North Dakota Legislature looks to ease taxes on coal industry
House Bill 1412 would remove the coal conversion tax on the lignite industry in North Dakota for five years.
BISMARCK -- Energy is one of the biggest industries in North Dakota, and the Legislature is looking to support the coal industry with House Bill 1412.
Rep. Jeff Delzer, R-Underwood, introduced the bill to members of the House Finance and Tax Committee on Feb. 3, and the committee voted unanimously send the bill on to the Appropriations Committee, where Delzer is chairman. It would reduce the current coal conversion tax by 60% and impose a lignite research tax. Lignite is a type of coal that is abundant in North Dakota.
“We cannot afford to ignore the challenges the industry faces,” Delzer said, noting that the industry “has done many improvements” on environmental issues. “We in North Dakota enjoy some of the best air and water quality in the nation and likely the world,” he said.
The bill would reduce general fund revenue for the 2022-23 biennium by $35.5 million, according to an attached fiscal note. The bill would be effective from June 30, 2021, to June 30, 2023.
Delzer said the industry faces such challenges as requirements to reduce carbon emissions and competing with federally subsidized “green” energy.
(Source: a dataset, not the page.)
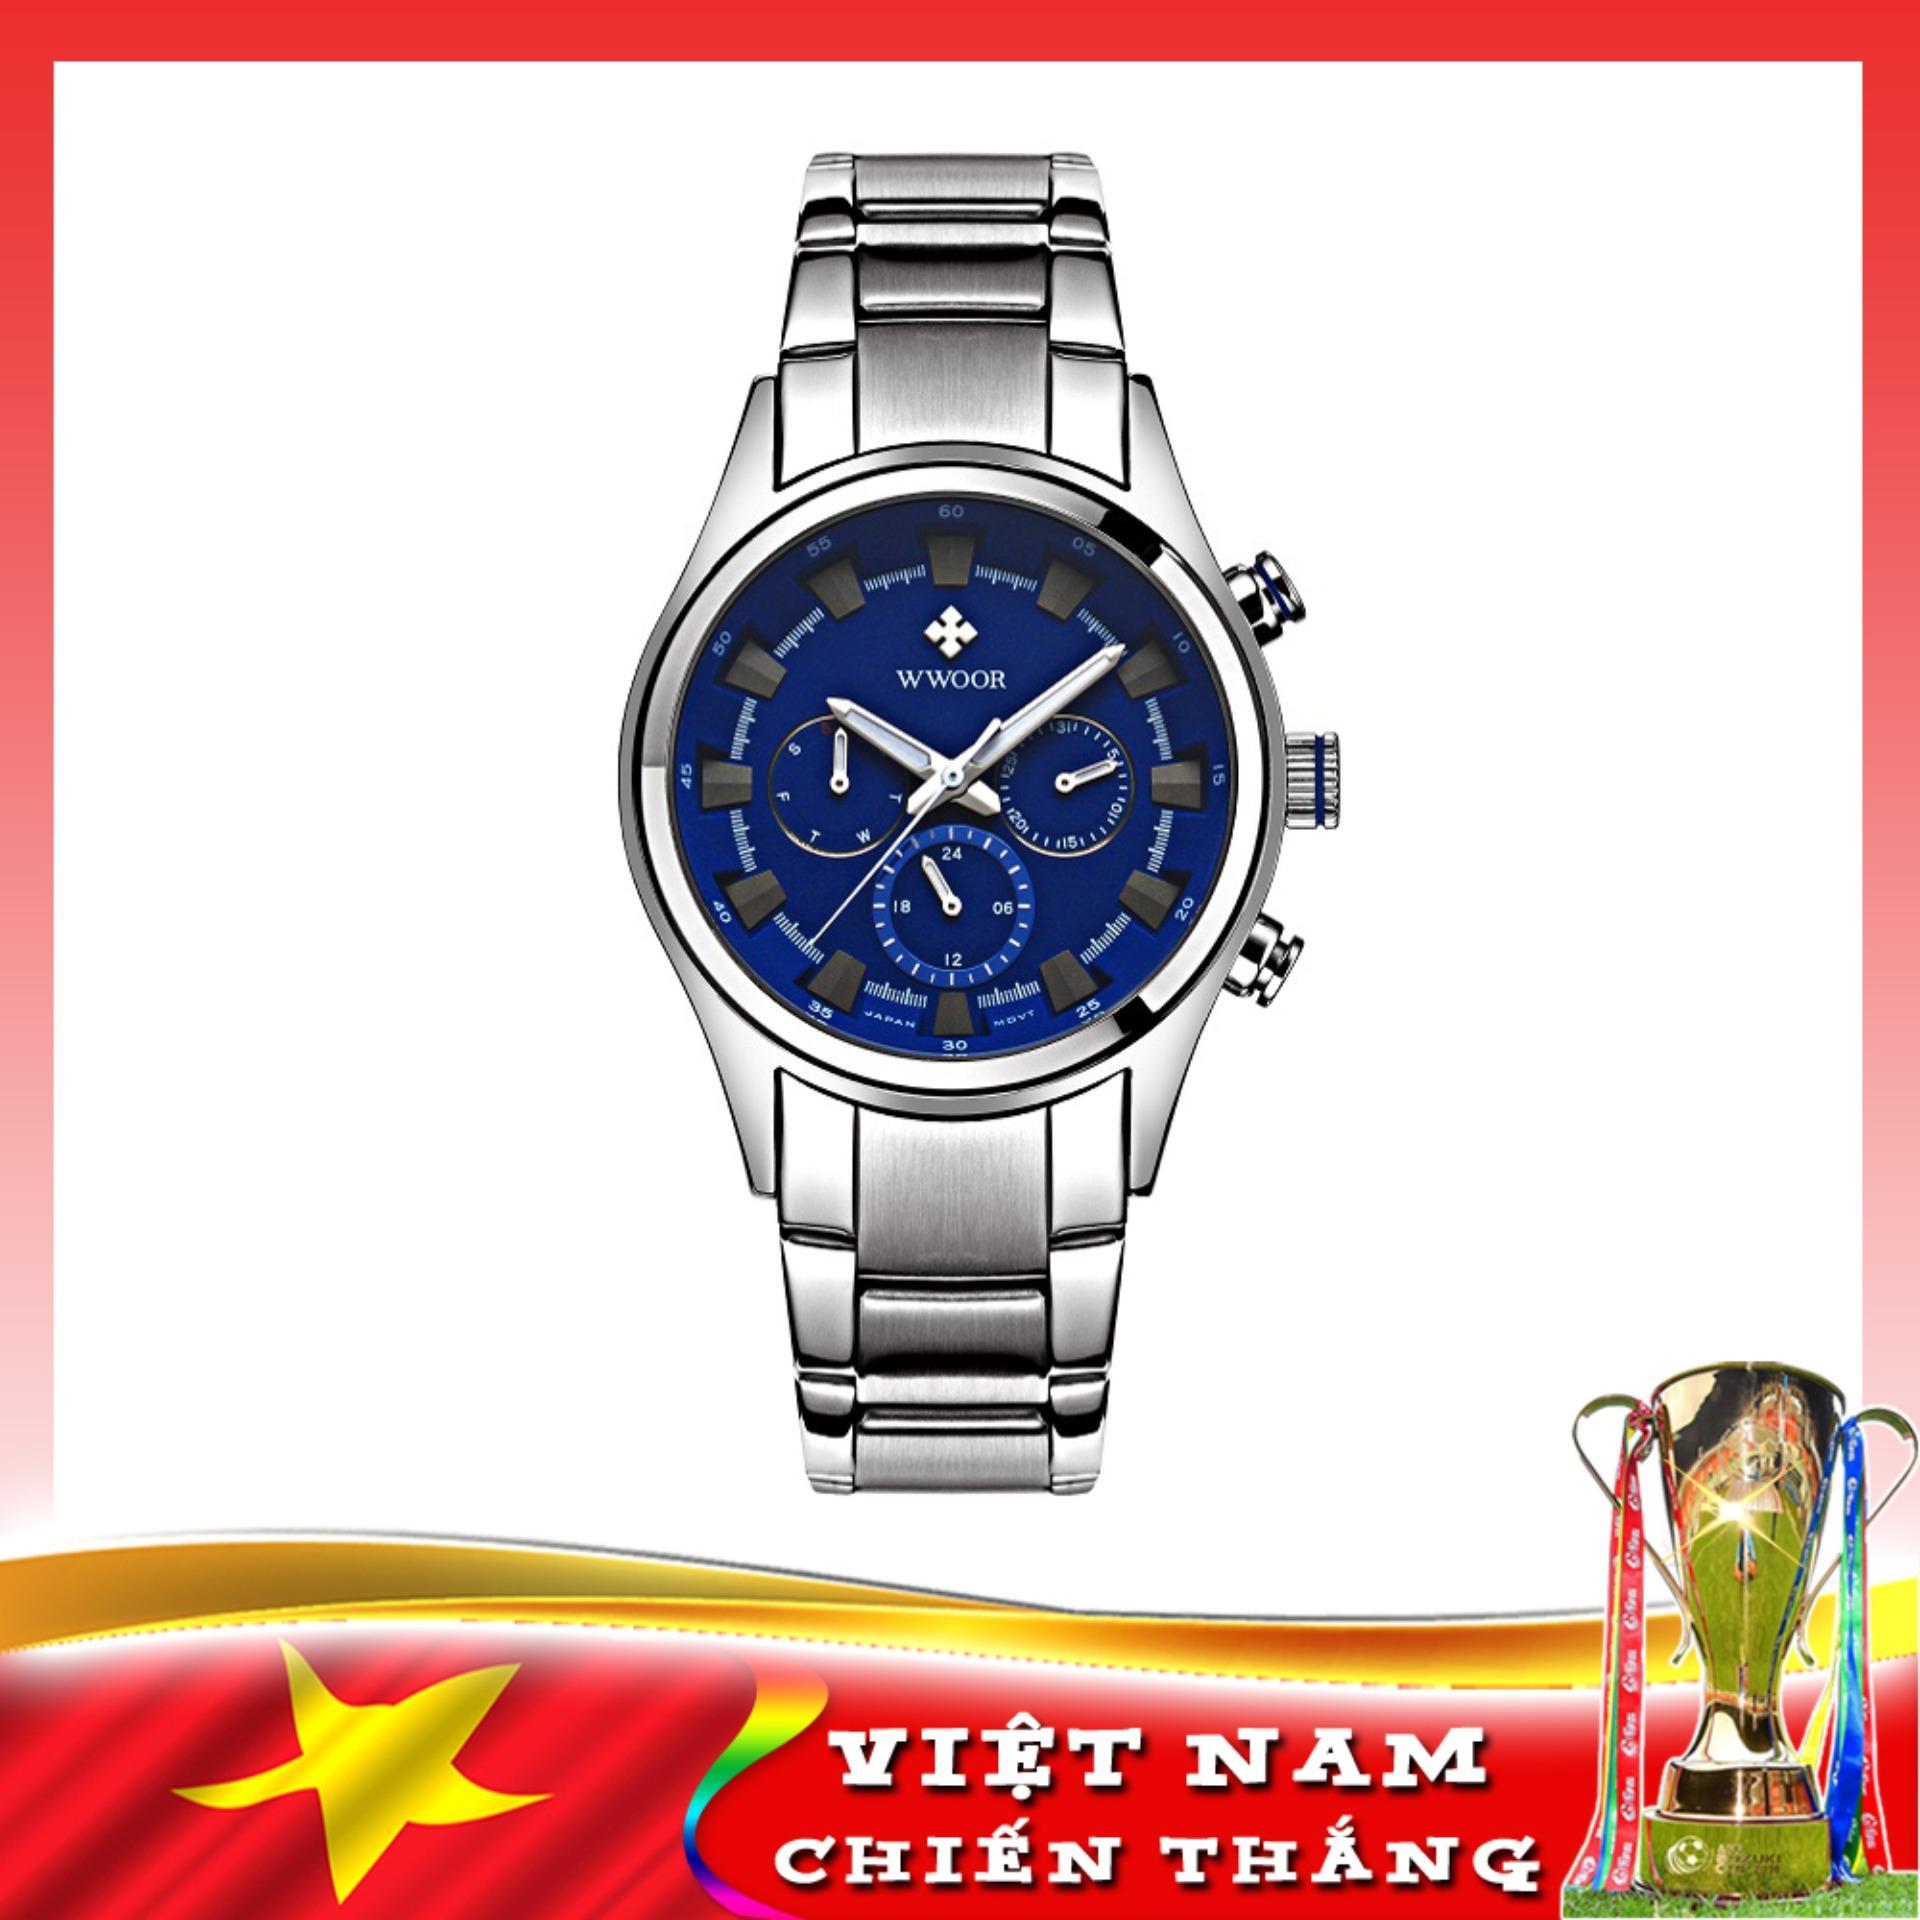 Nơi bán Đồng hồ nam nhiều kim, thời trang sang trọng WWOOR 8815, tặng Pin SONY 626 Japan

The state has been collecting a conversion tax from the coal industry since 1975, he said.
“This [bill] will give the industry some relief to better compete with other forms of generation,” he said. “The end goal is to keep the thousands of our friends and neighbors who have [made] and will continue to make their living” in the coal industry.
Jason Bohrer, president and CEO of the Lignite Energy Council, testified in favor of the bill. “Due to changing field markets, federal policies and regulations and distorted energy markets, the lignite industry greatly needs immediate economic relief,” he said.
Bohrer said the North Dakota lignite industry produced more than $5 billion in regional economic impact and over 13,000 jobs.
“The total amount of coal conversion taxes paid in 2019, which is the most complete data available, was $25.4 million,” he said.
Bohrer said HB 1412 only focuses on the coal conversion tax and is proposing temporary tax relief for five years. “This relief does not impact county tax revenue or the lignite research fund,” he said. “Counties will be held harmless under this bill.”
Although the relief is temporary, Bohrer said he believes it will be highly beneficial, providing “economic stability for the industries while we develop carbon capture and additional uses for lignite.”
Bohrer was asked by a committee member if lignite is receiving any federal subsidies.
“It really all depends on how you define a subsidy,” he said. “A lot of times what you’ll see happen is subsidies defined very broadly for the oil, gas and coal industries and very narrowly for renewal industries.”
Bohrer said a lot of provisions in the tax code are defined as subsidies when taken advantage of by the fossil fuel industry. However, there are very few direct subsidies that only apply to the coal industry. “There are a few and they are relatively small in magnitude,” he said. “For our purposes they add very little to the bottom line.”
There is no single major factor affecting the coal industry, but a combination of factors in the energy markets, he said. “Electricity markets have changed a lot in the past 10 years, with an influx of really cheap natural gas and heavily subsidized wind,” he said.
Geoff Simon, executive director of the Western Dakota Energy Association, also testified in support of the bill. “The only reason we are here is because of distorted federal energy policy, which reports intermittent generation, incentivises it actually, and fails to actively compensate baseload lignite plants,” he said.
Simon said he appreciated Rep. Delzer for proposing this bill, for recognizing the revenue generated by the coal conversion tax is important to the communities that he represents. “This bill does recognize they need that revenue to support ongoing operations,” he said.
There was no testimony or discussion in opposition to the bill during the hearing. An advocate for development of wind energy in North Dakota, who was not at the hearing, declined to comment.
Rep. Ben Koppelman, R-West Fargo, a committee member, said the bill was important to support the lignite industry in North Dakota.
“Nationally steps are being taken to manipulate our opportunities in our market in North Dakota, both in energy and in other ways,” he said. “I think we have to do what we can to support the industry that has supported us for a long time.”